# JavaScript 正则表达式

# 前言

;MDN (opens new window) 对正则表达式有更为详细的描述，此文仅是学习正则表达式过程中的记录和发散，相关的内容后面会逐步进行完善。

# 方法

# test

;test (opens new window) 用来检查字符串是否与正则表达式相匹配，返回布尔值。

/hello/.test('hello_world') // true

来看一个特殊情况。

const reg = /hello/
reg.test('hello_world') // true
reg.test('say_hello') // true

const reg = /hello/g
reg.test('hello_world') // true
reg.test('say_hello') // false
reg.test('hello_regexp') // true

你应该知道的是，每个正则表达式都有一个 lastIndex (opens new window) 属性，用来指定下一次匹配的起始索引，可读也可写，默认值为0（表示从字符串头部开始匹配）。但是一般不会起作用，只有在正则表达式开启了全局匹配g时，lastIndex才会生效。

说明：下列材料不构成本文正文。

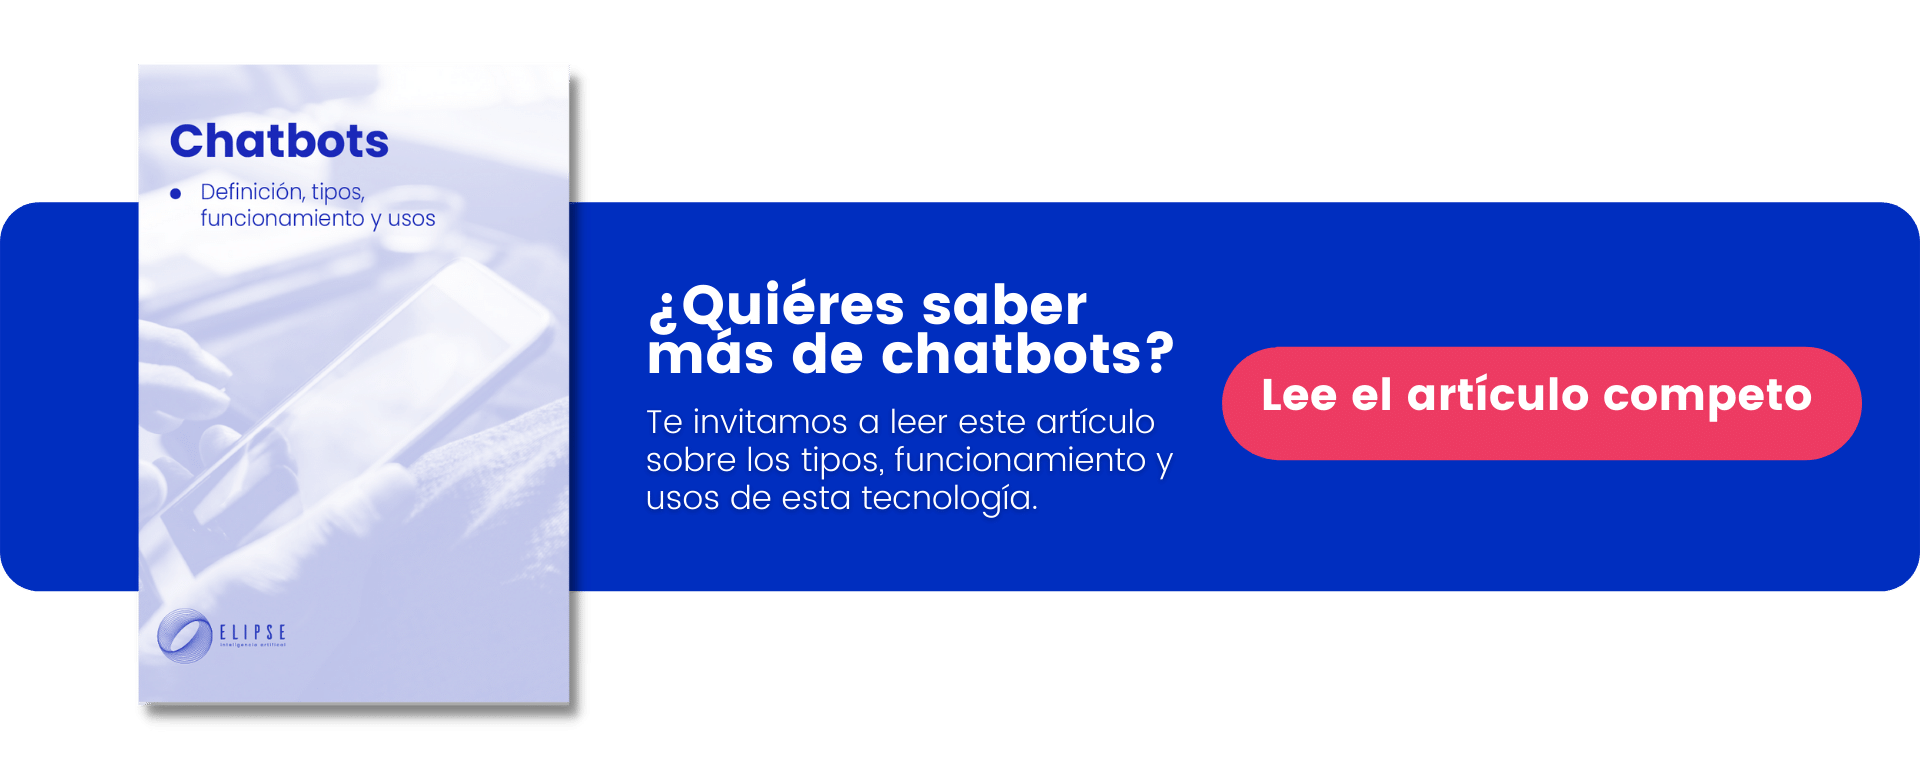 Lee más sobre Chatbots-1

以上第一个正则表达式未开启全局匹配，lastIndex始终不生效，每次执行test时都是从字符串的头部开始匹配，所以都会输出true。而当开启全局匹配时，执行第一个test匹配成功输出true，此时会将lastIndex更新为5，以便下一次匹配，而执行第二个test时，由于lastIndex为5（即从ello开始匹配），将匹配失败输出false。而匹配失败后，lastIndex将被重置为0，所以第三个test又输出true。

因此若要在开启全局匹配下输出一致，可修改lastIndex属性（4表示从hello开始匹配）。

const reg = /hello/g
reg.test('hello_world') // true
reg.lastIndex = 4
reg.test('say_hello') // true
reg.lastIndex // 9

# exec

;exec (opens new window) 用于对字符串执行一次搜索匹配，返回一个结果数组或null。

其中数组中包括[0]（匹配的完整字符串）、[1]...[n]（捕获的分组）、index（匹配的内容在原字符串中的索引）、input（原字符串）、group（ES6的具名组）。

const reg = /h(e)ll(o)/i
const str = 'Hello foo, hEllo bar, heLlo baz'
reg.exec(str) // ["Hello", "e", "o", index: 0, input: "Hello foo, hEllo bar, heLlo baz", groups: undefined]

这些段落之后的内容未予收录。